Brilliant Brass takes All Brandy 'Cap But limp may signal end of mare's career

December 28, 1992|By Ross Peddicord | Ross Peddicord,Staff Writer

Nick Bassford looked at his mare, Brilliant Brass, limp out o the winner's circle after the All Brandy Handicap yesterday at Laurel Race Course.

L "This is her goodbye to 1992, and possibly racing," he said.

The 5-year-old mare had just won the $75,000 Maryland-bred stakes -- her ninth added-money victory of the year -- but in racing parlance, she "didn't come back too good."

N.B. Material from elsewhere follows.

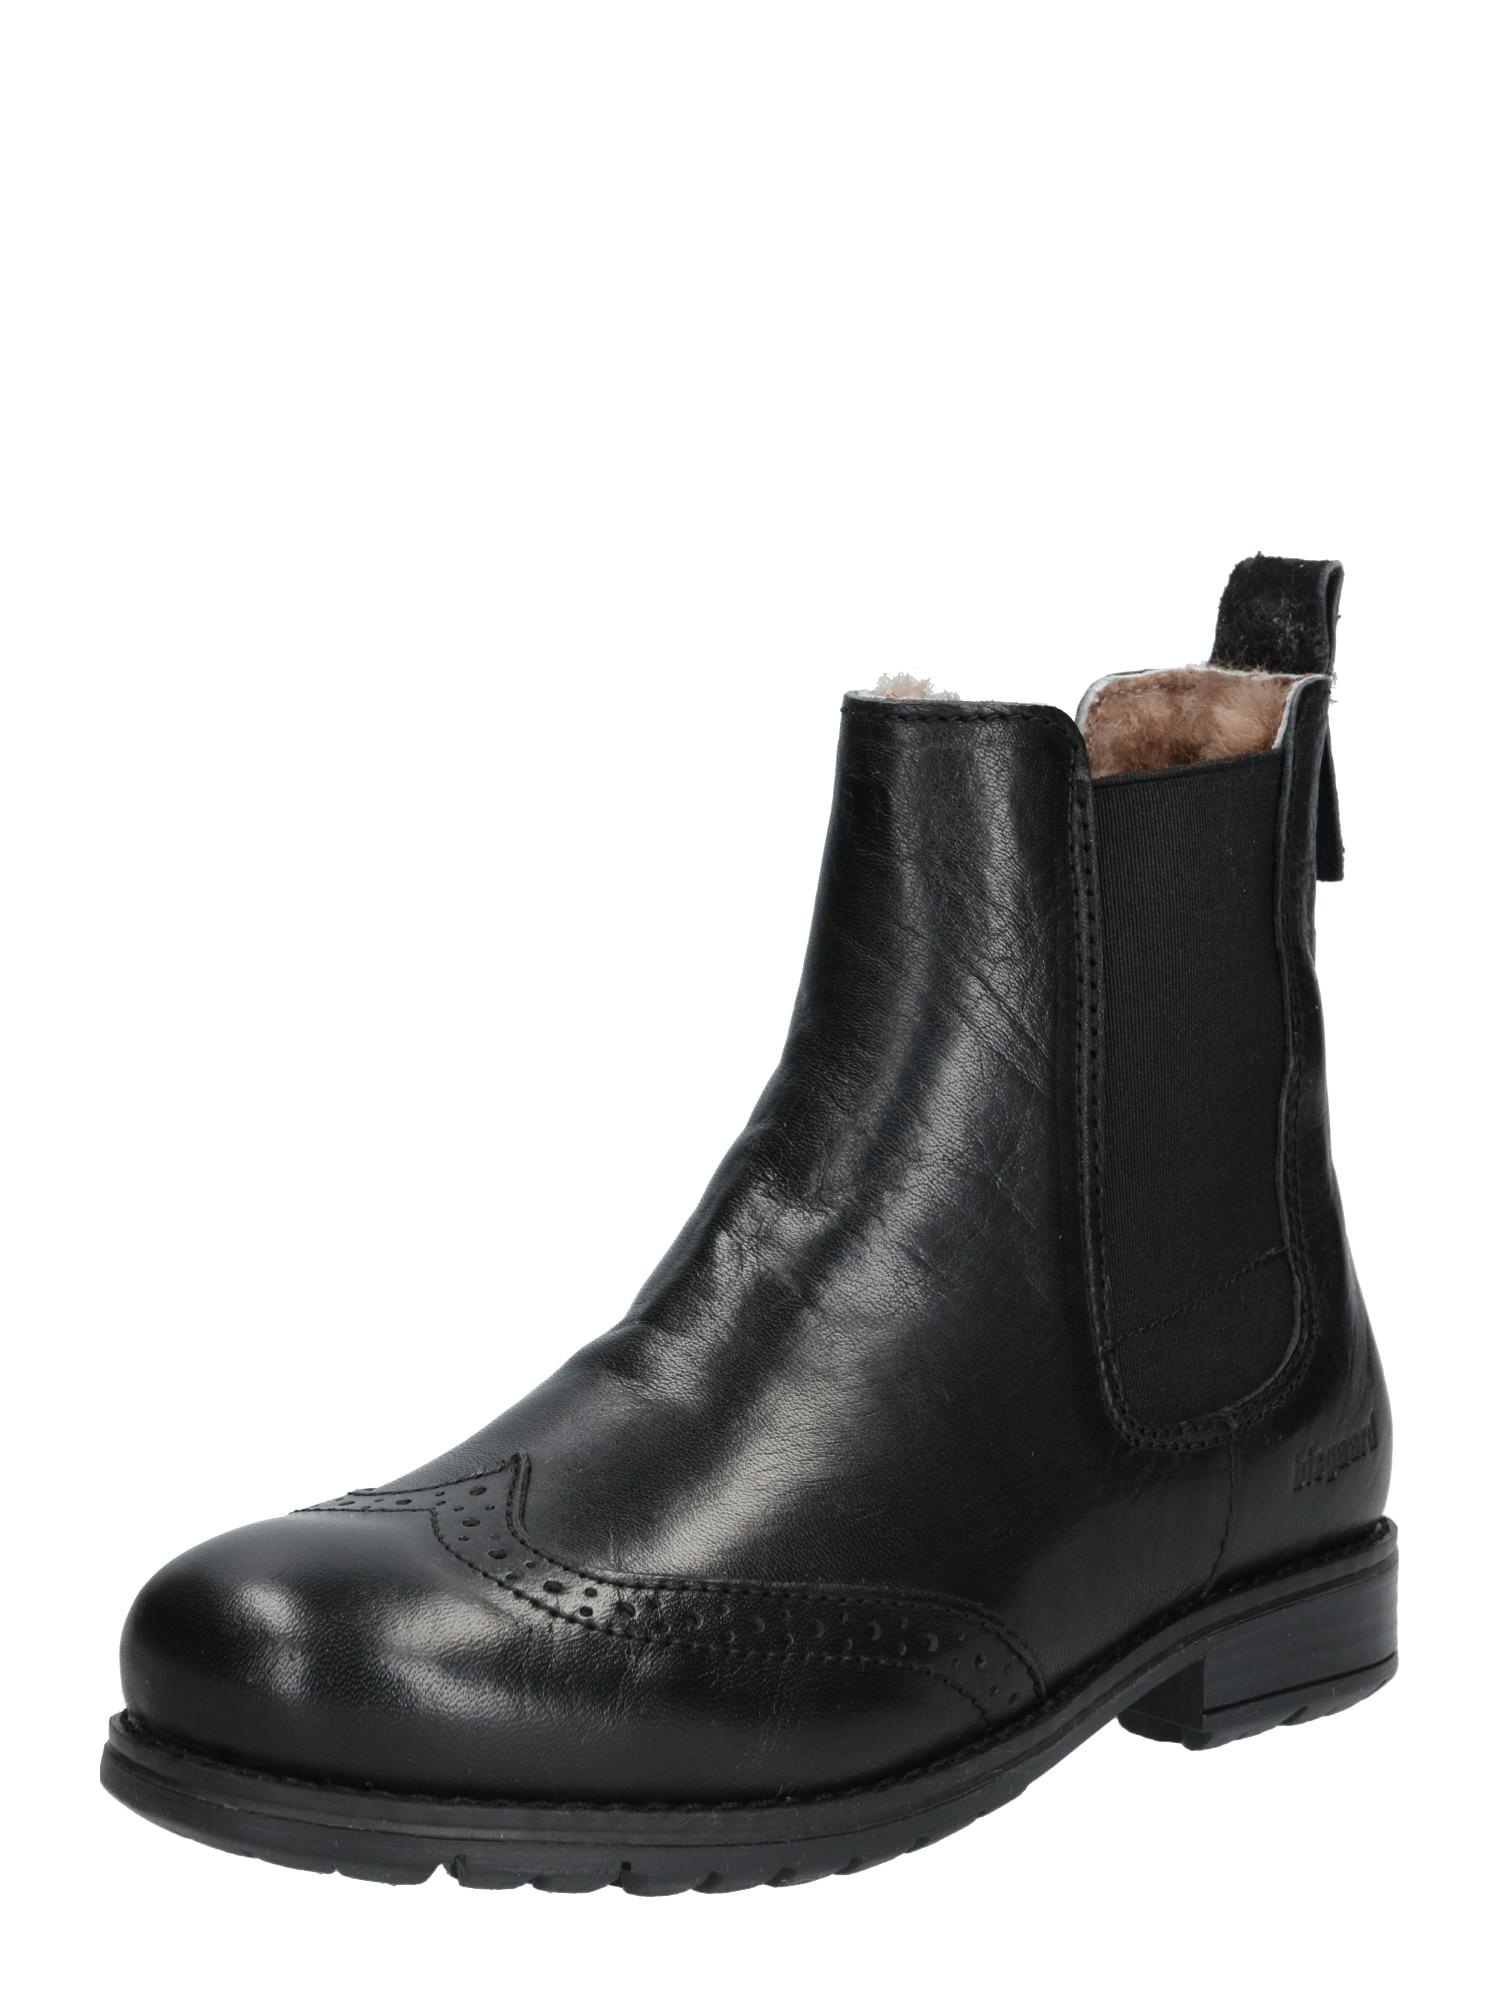 BISGAARD Auliniai batai su kulniuku juoda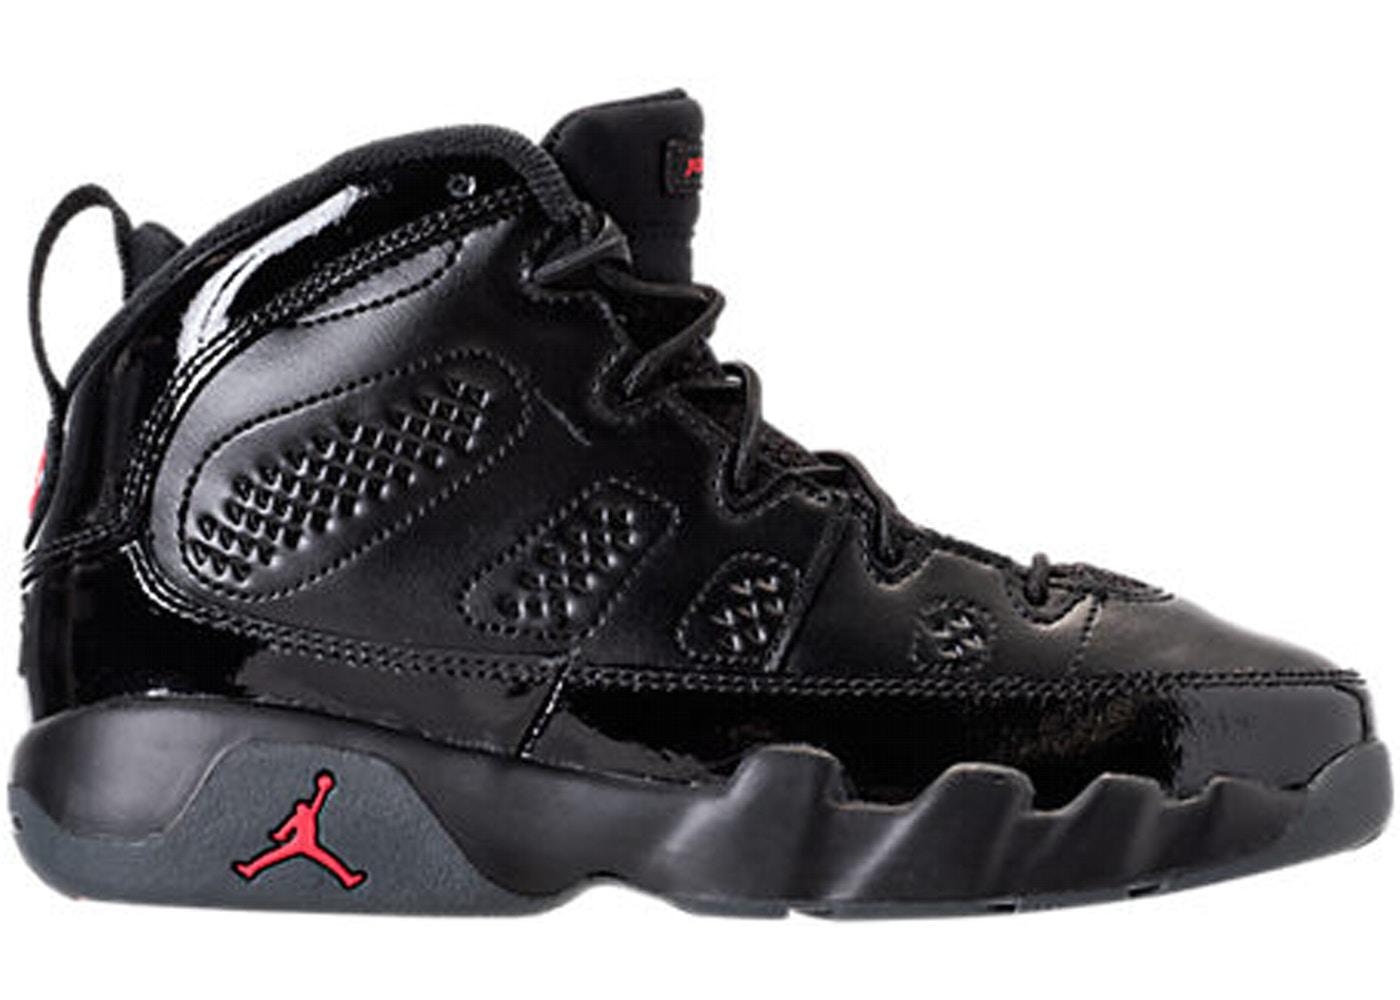 0757a2adfd7 Air Jordan 9 Shoes - Release Date

Jockey Edgar Prado said the horse pulled up fine after beating Gammy's Alden by 3 1/4 lengths in the nine-furlong race. But by the time Prado walked her into the winner's circle, she was

noticeably lame. Bill Brasaemle, who writes up each race for the Daily Racing Form charts, said she "returned sore."

Trainer Carlos Garcia attributed the lameness in the mare to "tying up [muscular cramps]. She's done it before," he said, and added that it could be caused by the cold weather.

He said he is planning to "back off the mare for a month or so," and then the decision will be made whether to continue racing or to send her to the breeding shed.

By winning the All Brandy, Brilliant Brass increased her career winnings to $767,052 and capped off the most successful year in racing for Bassford and his wife, Elaine.

From a medium-size stable of homebreds and claimers, they won more than $1 million in purses and 14 stakes -- nine with Brilliant Brass, three with Ameri Valay and one each with Wait For The Lady, now retired, and Festive Feathers.

"According to the speed figures, Brilliant Brass was one of the country's most consistent race mares this year," Bassford said. "So if we breed her and her offspring improve just a little over her speed, then -- who knows? -- we might end up with any kind of horse."

Brilliant Brass is considered the likely choice to be named 1992 Maryland-bred Horse of the Year in balloting conducted by the Maryland Horse Breeders' Association.

Computer troubles

Laurel experienced difficulties with its mutuel equipment yesterday, but nothing like what happened at Santa Anita Park ** on Saturday on its opening card.

At Laurel, Triples from the fifth and seventh races were not posted or paid off until the ninth race. The situation was similar to computer glitches that angered fans in the fall.

Track general manager Jim Mango said yesterday's problem occurred because of new software that AmTote International Inc. had introduced at The Meadowlands in conjunction with its Spectrum system.

Even though The Meadowlands no longer commingles its betting pools with Laurel's, the track is the hub for other New Jersey tracks that do commingle with Laurel.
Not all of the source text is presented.